Any thoughts or comments would be appreciated.

TIA

*I know, I should do the cardio after the strength workouts, but I consider that part more important to me than the strength stuff, so I want to do it when I'm fresh.

For the OP: is your concern aesthetic or functional? The "ripped abs" look (which is largely a myth) can only be achieved through a combination of movement and eating habits. Not through repetitive exercises targeting your ab complex.

Body weight squats, planks, and push-ups are the bedrocks of functional movements. They're all great. Push-ups, are, essentially, dynamic planks. I'd caution against side planks unless you've achieved a certain level of proficiency with your core. Otherwise, instead of relying on your pelvic girdle to sustain the movement, you'll be relying on your shoulder complex, which defeats the purpose.
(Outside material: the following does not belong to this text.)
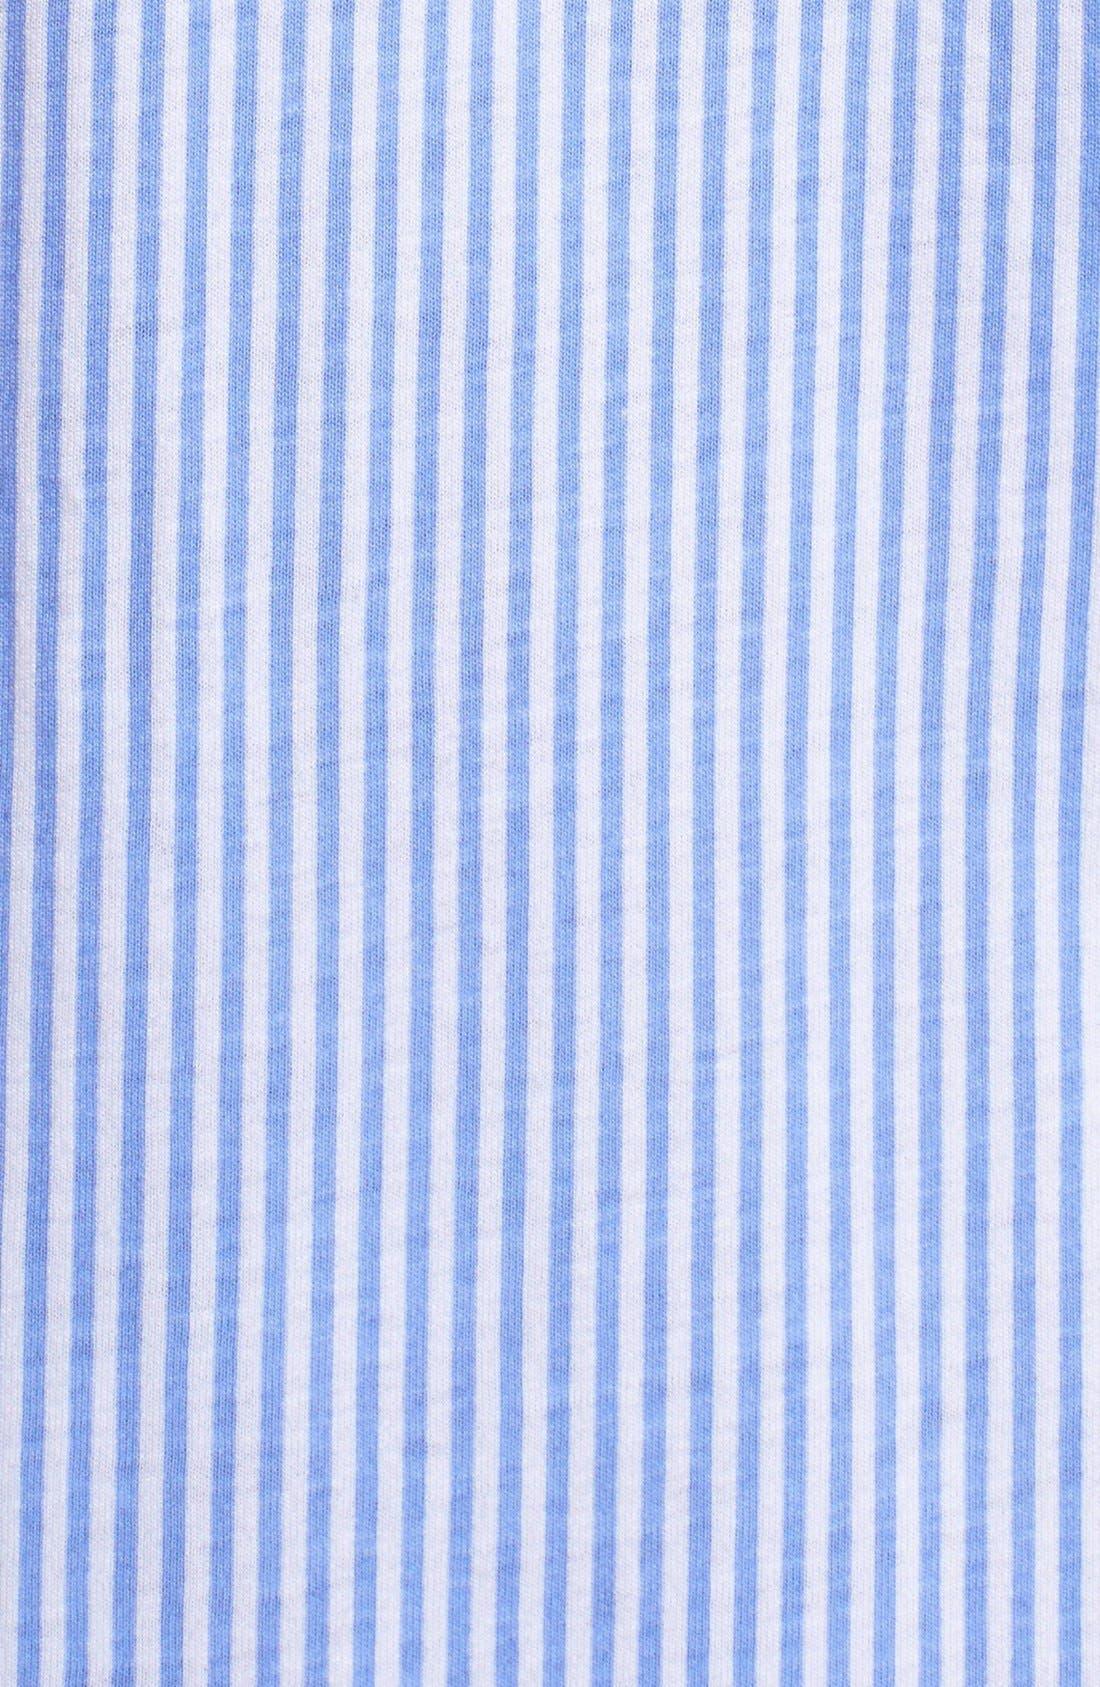 Jersey Sleep Shirt,                             Alternate thumbnail 14, color,

For my money, push-ups are the most effective way to target the entire core (including your glutes, if done correctly). Make sure your hands are wide, so you don't rely on your triceps/biceps.

benb
08-13-2019, 02:02 PM
I've been rock climbing at the gym this year and this oblique/side core strength is a huge big deal for some of your overhang situations...

I haven't really been doing side planks, and the climbing helps those side core muscles anyway, but one I have enjoyed doing and have been doing more regularly is the "oblique knee raise plank."

1) Get in a pushup position (top of the pushup), hands stay stationary for the whole exercise
2) Take your left leg and lift it off the ground
3) Touch your left knee to your right elbow
4) Put the left leg back down to the pushup position
5) Take your right leg and lift it off the ground
6) Touch your right knee to left elbow
7) Return to start position

This one is actually fun while being hard... a lot the plank exercises are really boring IMO cause you're holding very still.

For some years I have done stuff like 1 minute regular planks.. they are hard but are not at all interesting.

I feel like any lateral strength/function you gain is pretty noticeable when you get on your bike. It makes me feel more balanced.